Welcome to the world of biohacking.

Toronto filmmaker, Ann Shin’s Smart Drugs lets us experience the world of hacking into our very being to seek personal improvements, thanks to willing guinea pig, Badminton.

There seems to be a collective social obsession with making our bodies look more fit, but what about our minds? Don’t just exercise and diet! Why not also take drugs? They’ll make ya smart! Silicon Valley is the mecca of Smart Drugs. These cognitive enhancement supplements contain ingredients such as caffeine, theanine, plants and amino acids. Sounds safe enough. But over a prolonged period of time, what effects, or side effects do they have? Badminton followed a regiment of Nootropics – one of the leaders in smart drugs. His motivation was not only “for science” but also because he had previously experienced burnout and degenerating health, and had a lot of anxiety about it recurring.

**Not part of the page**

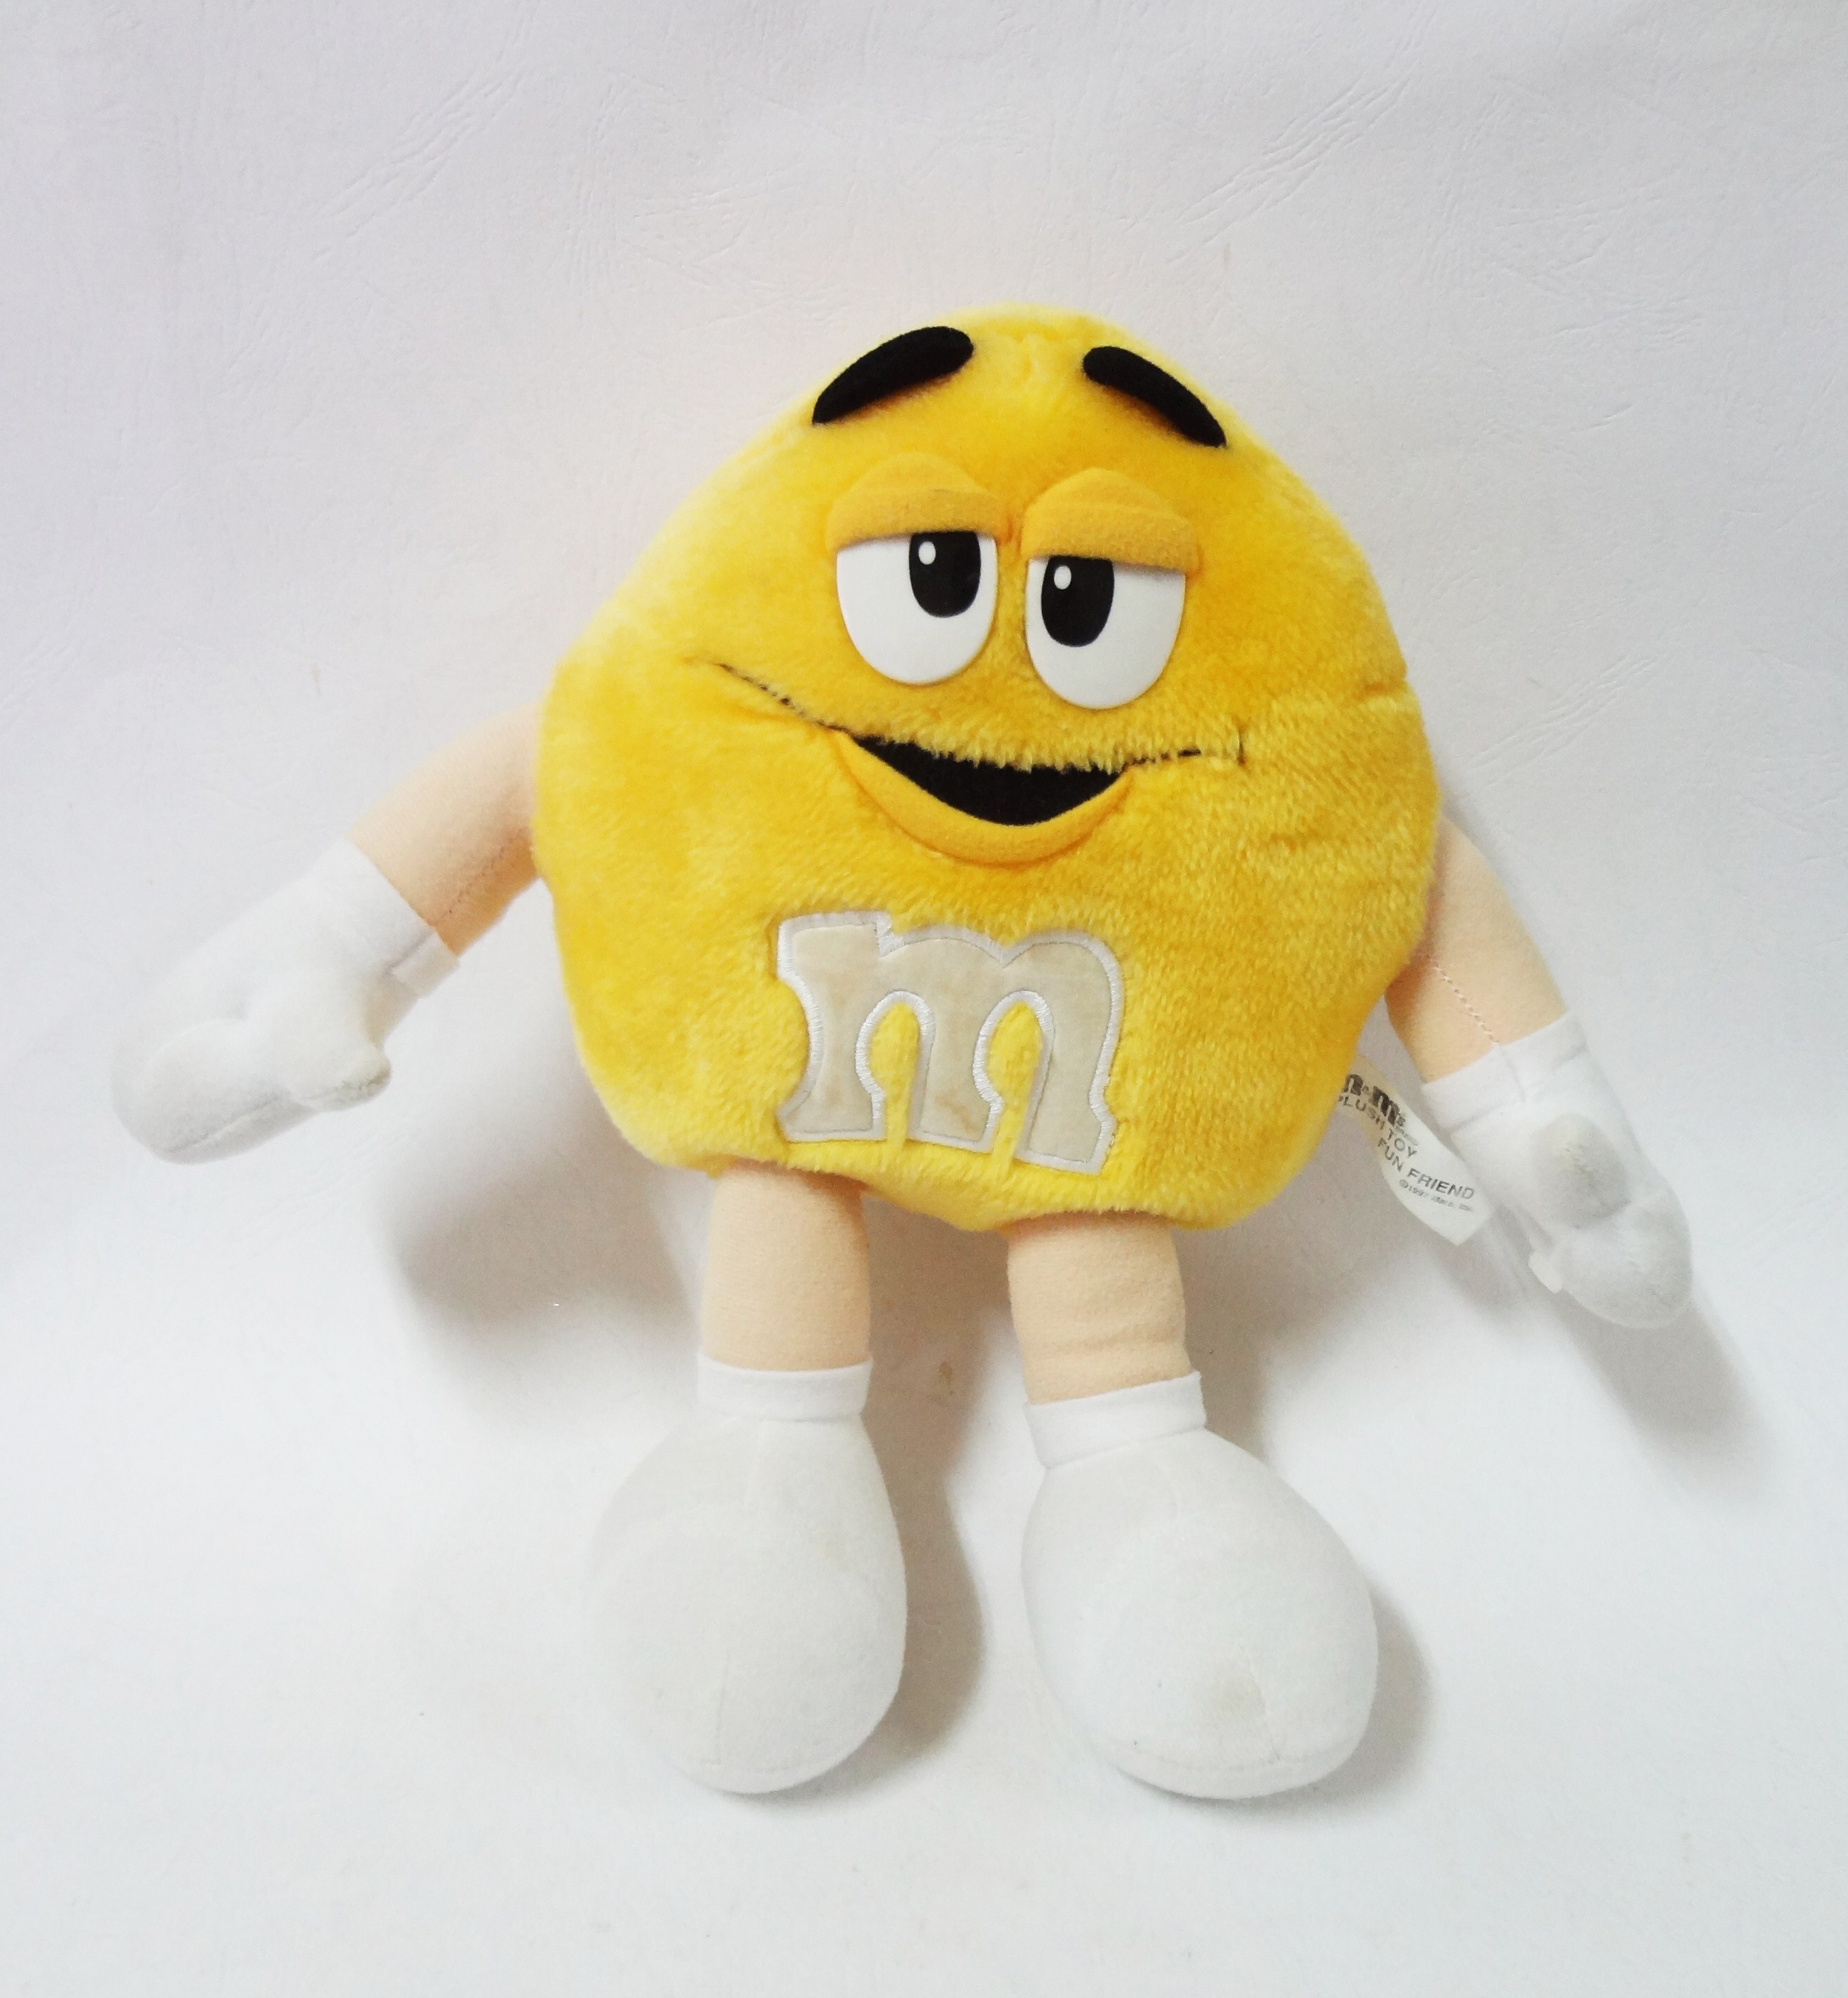 ตุ๊กตา m&m สีเหลือง

But as soon as he’d settled into the Nootropics lifestyle, he decided to explore other biohacking, well…hacks. How can one not only avoid peak stress, but somehow harness it to be a more brain-efficient human? Try some cognitive control wearing a silly headset! Transcranial Brain Stimulation is a real thing. It isn’t science fiction – science already knows how to stimulate the brain using pulses sent through a bunch of electrodes. And if that isn’t enough, one can always attempt fasting. Because a no-calorie diet seems to be a method of kickstarting our system into high-output activity. One might assume that adding jogging and intense breathing techniques would make a person more exhausted. But according to experts in biohacking, the opposite effect should occur.

And if competitive meditation and an added dose of hip and very sought-after illegal prescriptions of Modafinil aren’t enough, we can always turn to micro-doses of LSD! Modafinil is normally used to treat narcolepsy and shift-work sleep disorders. It can cause headaches, nervousness and anxiety. This is becoming the cognitive enhancement drug of choice for people like Coders. Individuals who sit for prolonged hours staring at numbers and codes way past bedtime, with no care to food or bathroom breaks. This is the lifestyle of people with short deadlines and high expectations from their employers.

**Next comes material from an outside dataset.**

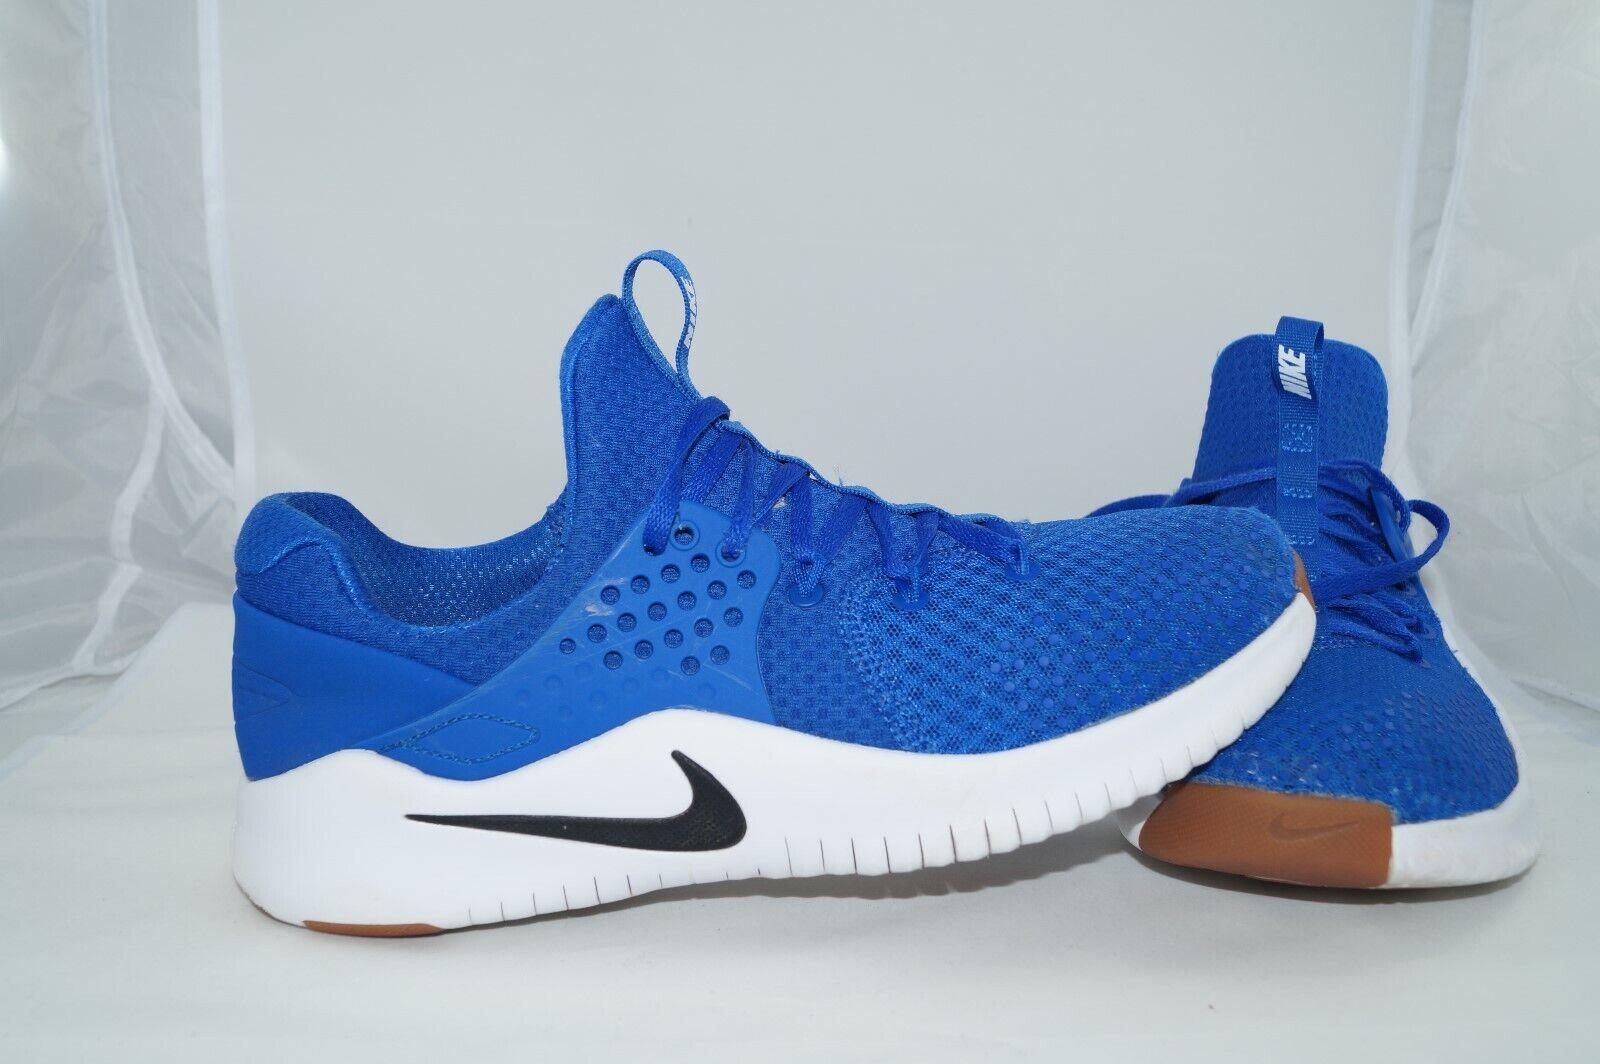 Nike Free TR V8 Trainers EU 42 US 8,5 UK 7,5 Sportschuhe AH9395-401 Blau

Badminton saw the positive and negative effects of biohacking, but in the end had a “smart” piece of insight. Slow down. Cut off the outside world for a few hours a week. No phone, no electronics. It’s not much, but we need to reconnect with ourselves. Humans are not limitless. Nor should we be. We once worked with our hands. These days we work with our heads. Next, there is a hope we might work with our hearts. After all, we’re humans, dammit.


Smart Drugs airs on the documentary Channel on May 12 at 9 p.m. & 12 a.m. ET/PT and May 14 at 7 p.m. ET/PT.